「非常時は非常識をやれ」世界に先駆けた日本の積極財政

【田原】世界の先進国で、財政政策を最初に変えたのはアメリカなんだ。

高橋是清(出典=Wikimedia Commons)
高橋是清元内閣総理大臣(出典=Wikimedia Commons

【藤井】いや、じつはですね、1931(昭和6)年の犬養毅内閣で4度目の大蔵大臣になった高橋是清さんが、世界に先駆けた積極財政政策を断行しています。

1931年12月に金輸出再禁止・銀行券兌換だかん停止、1932年11月から日銀引き受けによる政府支出増額(軍事予算増)、1932~1934年に「時局匡救事業」という公共事業をやった。これで、世界恐慌が波及し混乱していた日本経済をデフレから脱出させました。

政府公債や満州事変公債を発行し、これを日本銀行が買うかたちで、政府が日銀から現金を引き出し、軍備増強や公共事業に使うという手法です。

【田原】公債発行と公共事業。高橋是清がやったことは、いまとほとんど変わらないんだ。違いは、政府が出した国債を日銀が直接買うか、いったん民間金融機関に買わせてからすぐ日銀が買うか、だけ。

【藤井】「国債の市中消化の原則」といって、いまは財政法で日銀は直接引き受けができません。
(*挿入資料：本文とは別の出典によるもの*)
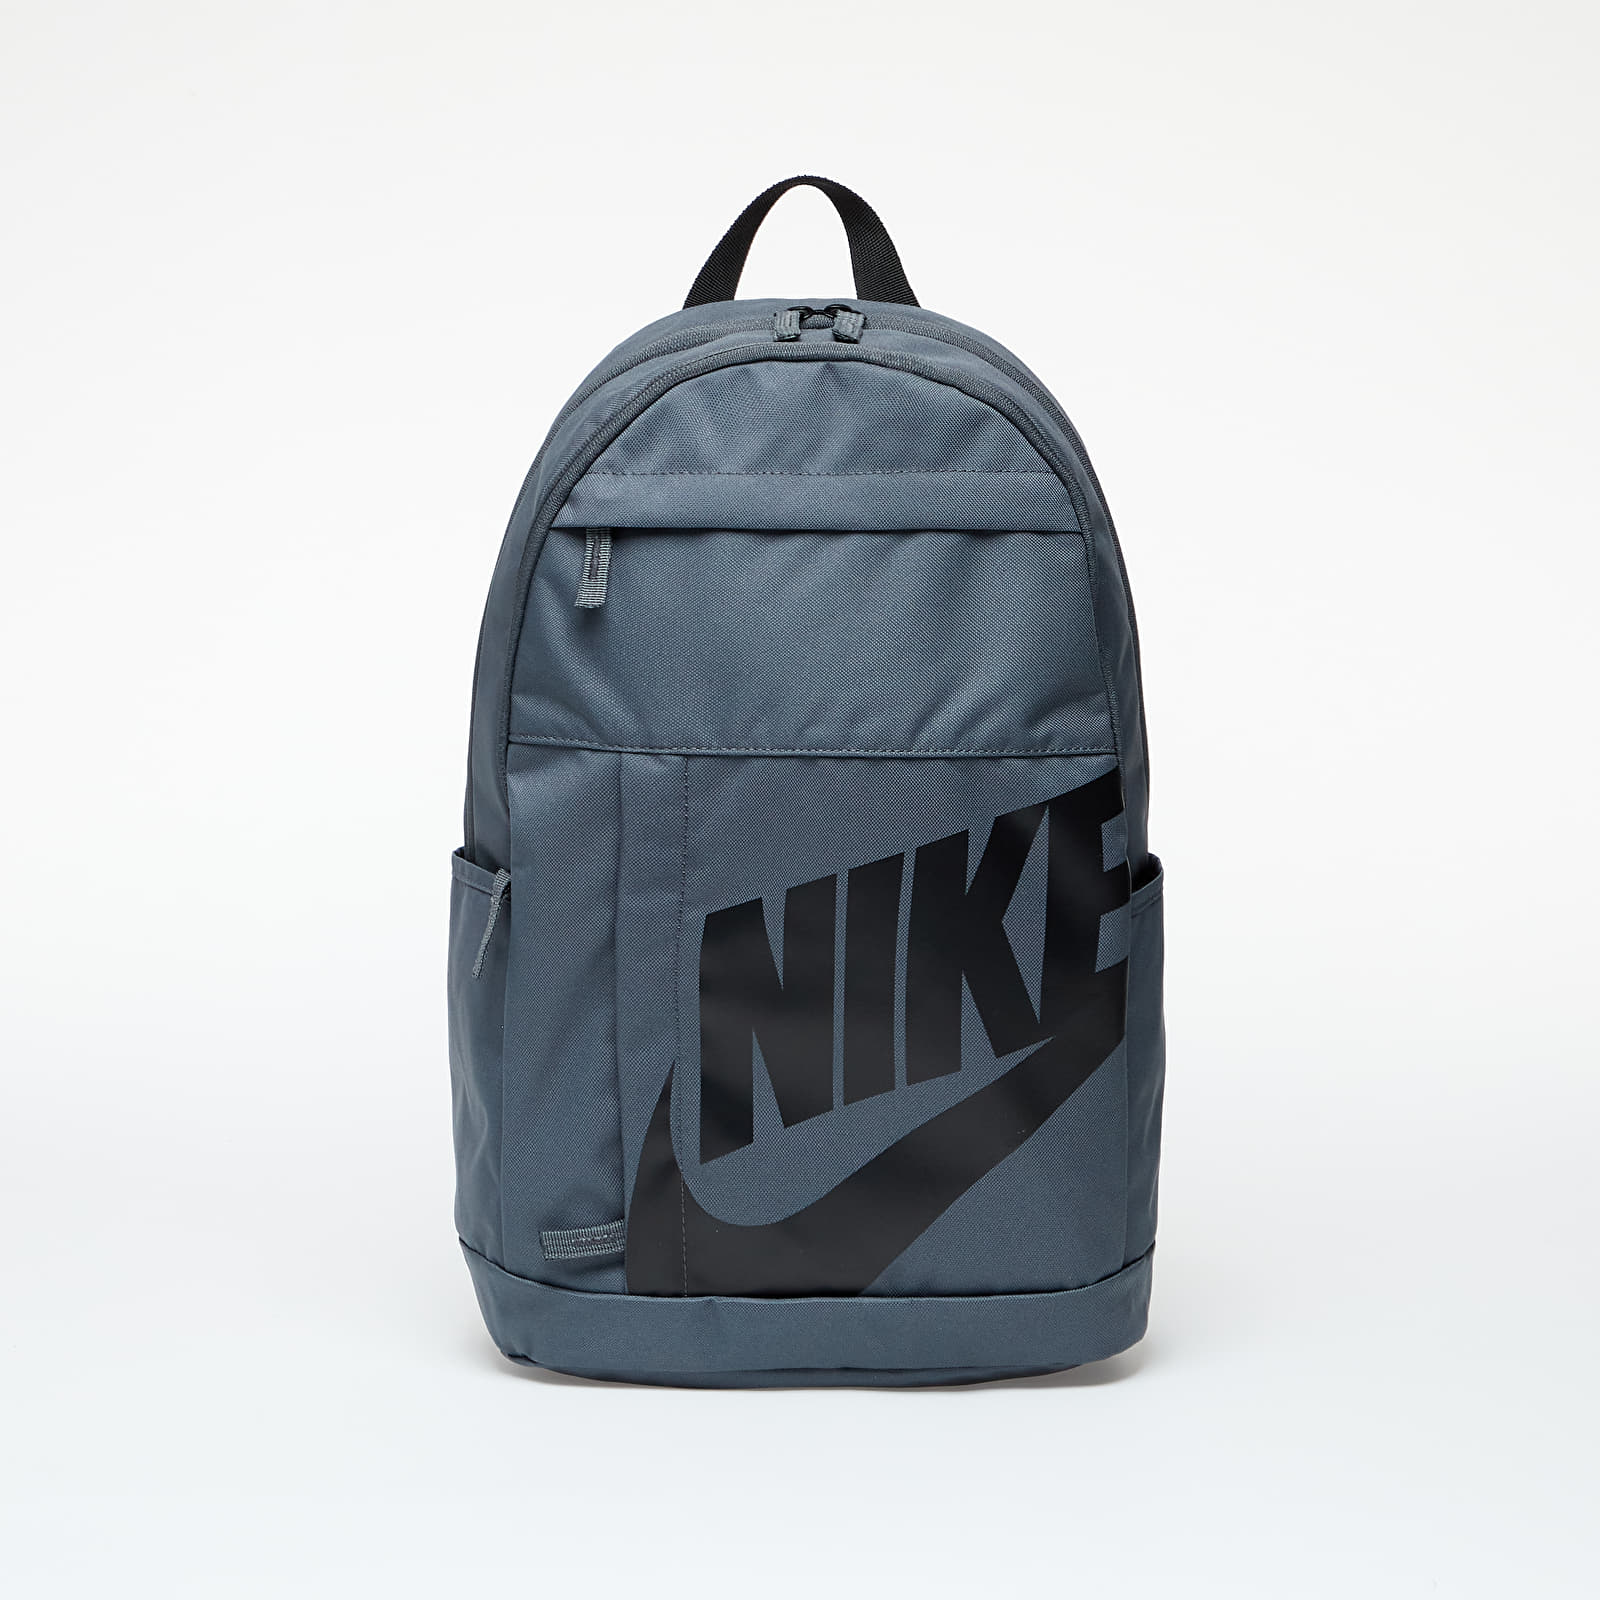 Раници Nike Backpack Iron Grey/ Iron Grey/ Black 808258
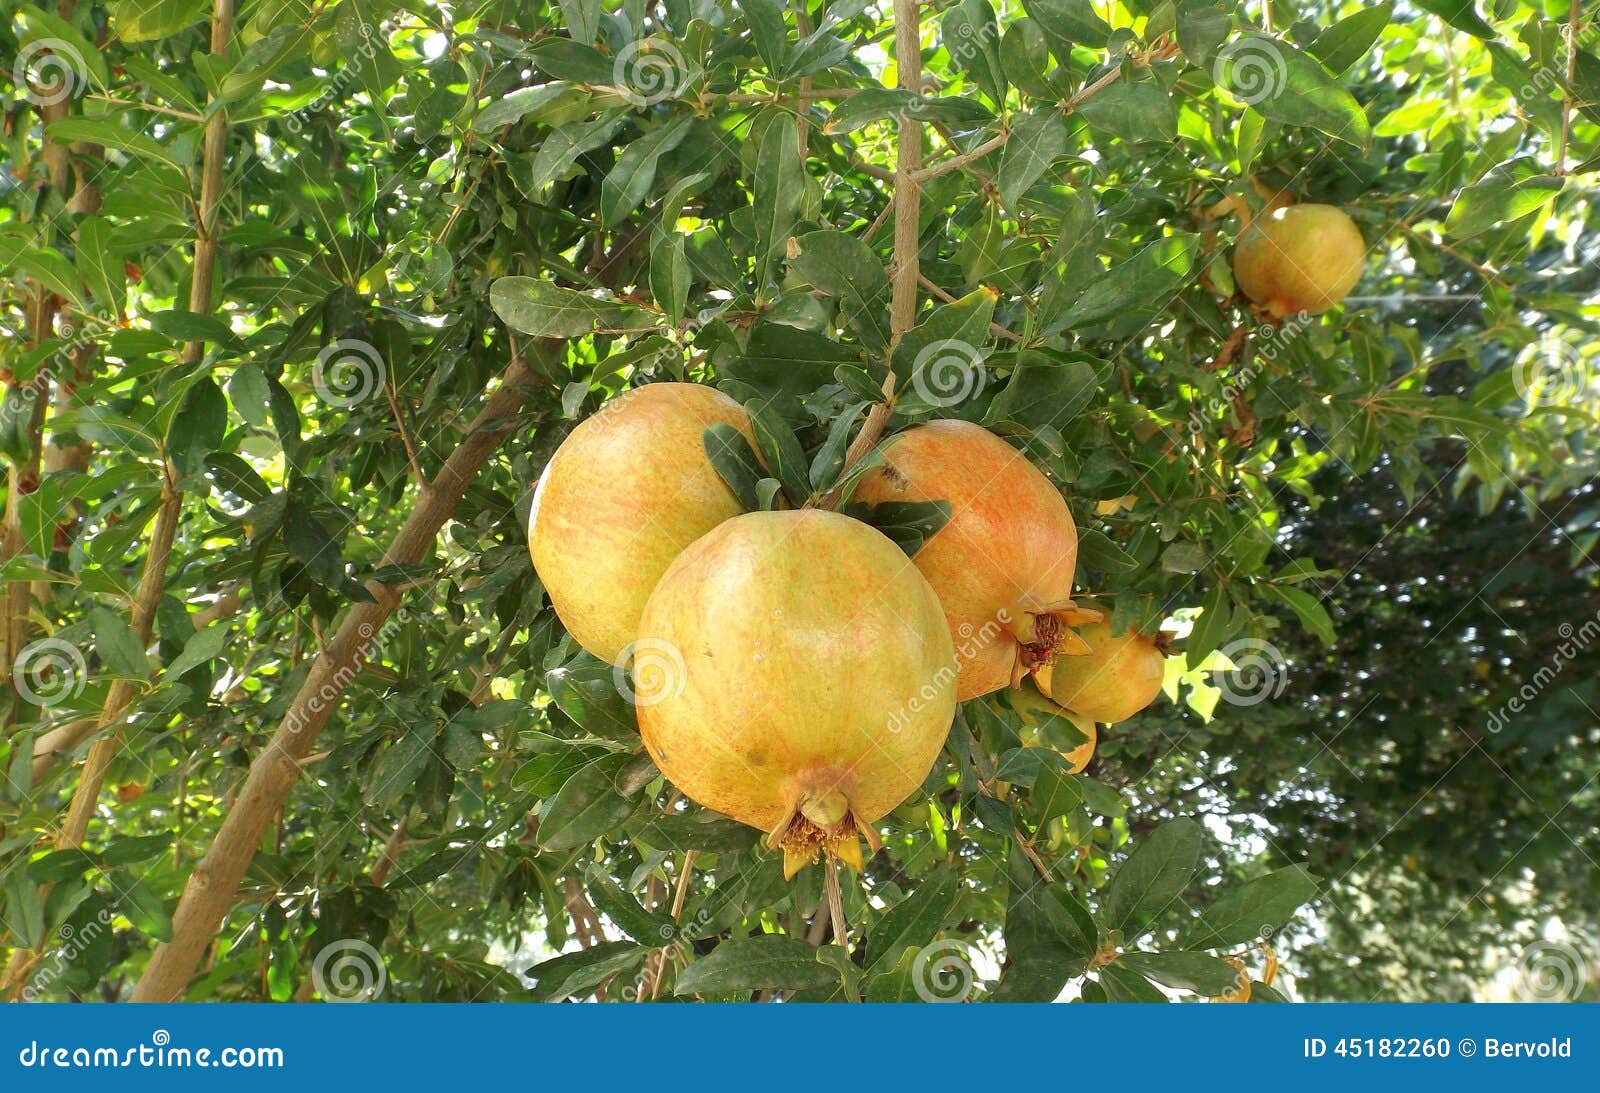 photo stock fruits de grenade dans l arbre image

これを認めると通貨発行に歯止めがかからなくなり、悪性インフレを招くという人たちがいるので、彼らに従うかたちで各国の中央銀行が禁止している。

当時は直接引き受けで、政府には「財政赤字が問題なのに、さらに加速度的に赤字を増やす公債発行とは、大蔵大臣は頭がおかしいんじゃないか」という声があった。高橋は「違う。この状況では非常識をやらねばならぬのだ」と突っぱねた。

高橋是清の政策はケインズ政策の走りで、ルーズベルトが米大統領に就任する前、ケインズが1936年に『雇用・利子および貨幣の一般理論』を書いてケインズ政策が世界に知られるようになる、はるか前でした。

大蔵大臣・高橋是清の“非常識”が常識になった

【田原】なんで高橋是清は、日本の、いや、世界の常識を破ることができた?

【藤井】やっぱり金融の現場、つまりこのカネをめぐる「娑婆しゃば」の実態を、日銀での経験などを通じてよく知っている方だったからだと思います。

若いときアメリカに留学し季節奴隷として働いたり(本人はその契約とは知らなかった)、教師や官僚になったり、官僚を中断してペルーに渡って銀鉱事業を手がけてみたり、型破りな経験をしていますね。その後で日銀入りした。

【田原】ペルーで山師をやって大失敗、無一文になって帰ってきたとか。1936(昭和11)年二・二六事件で青年将校に殺された理由は、軍事予算を削ろうとしたから。でも、その軍事予算は高橋が公債を出して増強したもので、インフレ懸念が生じてきたから減らそうとした。将校たちは何もわかってなかったんだ。